Все чаще и чаще мне снится страшный сон с убийством. Да еще с таким зверским убийством, что не дай Бог никому — никому! — увидеть нечто подобное наяву. Да хотя бы и во сне. А вот почему убийство особенно зверское, я не знаю, ибо ни разу не видел подробностей. Более того, просыпаясь среди ночи от липкого страха и собственного крика (что уже само по себе страшно), я почти уверен, что был свидетелем этого убийства, а может быть, и соучаствовал в нем. Знаю — уж это-то точно знаю, — что не могу убить и никогда не убивал, а страшный сон повторяется, и это становится пыткой. И пытка эта может сравниться разве что с патологической боязнью внезапного «рассекречивания» мыслей, которые терзают мозг, преследует тебя после пережитого однажды чего-то такого, чему ты был невольным свидетелем. Пока об этом никто не догадывается. Но сам-то ты понимаешь, что рано или поздно твое тайное знание сделается знанием других, перестанет быть тайным, и ты можешь подозревать всякого в том, что именно этот человек обо всем догадывается, хуже того — знает, уже знает всю правду, то есть владеет твоей тайной, ибо кто-то же должен знать то, что снится мне, если сон — суть отпечаток реальности, некий слепок с нее…

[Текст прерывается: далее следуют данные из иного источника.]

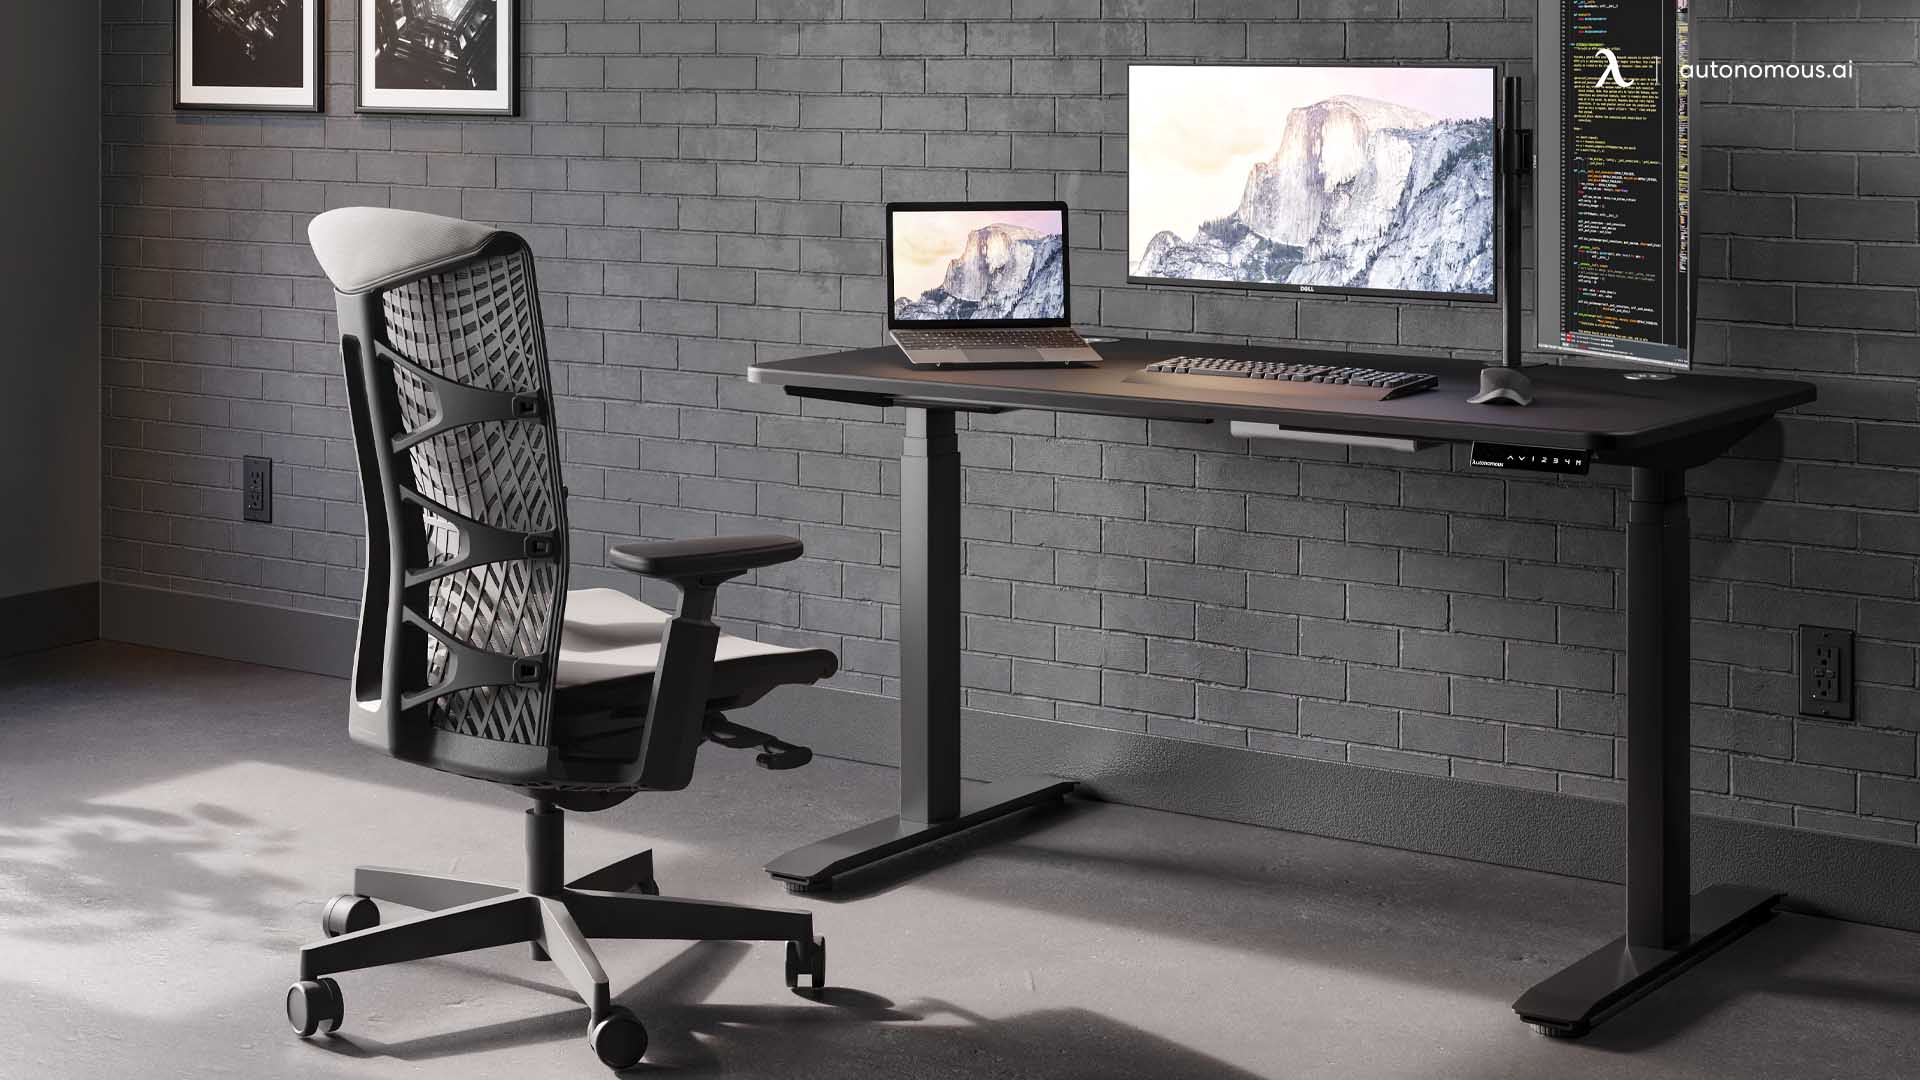 SmartDesk Pro adjustable home office desk

Вообще-то мне редко снятся цветные сны, а этот — всегда цветной, что и делает его для меня страшным, потому что я с детства боюсь крови. Крови и высоты.

Господи, я перетряхнул всю свою жизнь. Я заставил себя вспомнить и то, чего не хотелось бы вспоминать, что давным-давно забыл (у каждого из нас есть в прошлой жизни что-нибудь такое, что мы старательно хотим забыть), но ничего похожего на этот сон не отыскивалось в моей беспорядочной и — увы, увы! — далеко не безупречной биографии. А сон повторяется с маниакальной изощренностью, словно некая неведомая сила (не ее ли, эту силу, в старых добрых романах почти нежно называли Провидением?..) избрала меня в качестве мишени для запугивания, повторяется все чаще и чаще, и, бывает, я готов пойти к прокурору и признаться в убийстве. Но в том-то и дело, что я не сумел бы ответить на вопросы, которые мне обязательно зададут: когда это было? где? при каких обстоятельствах?.. Без ответов на эти вопросы прокурор отошлет меня восвояси, а скорее — отправит в дурдом. Тем более срок давности истек. Я почему-то убежден, что истек, хотя — повторяю — не имею понятия, когда это случилось и каково в действительности мое участие в этом злодеянии.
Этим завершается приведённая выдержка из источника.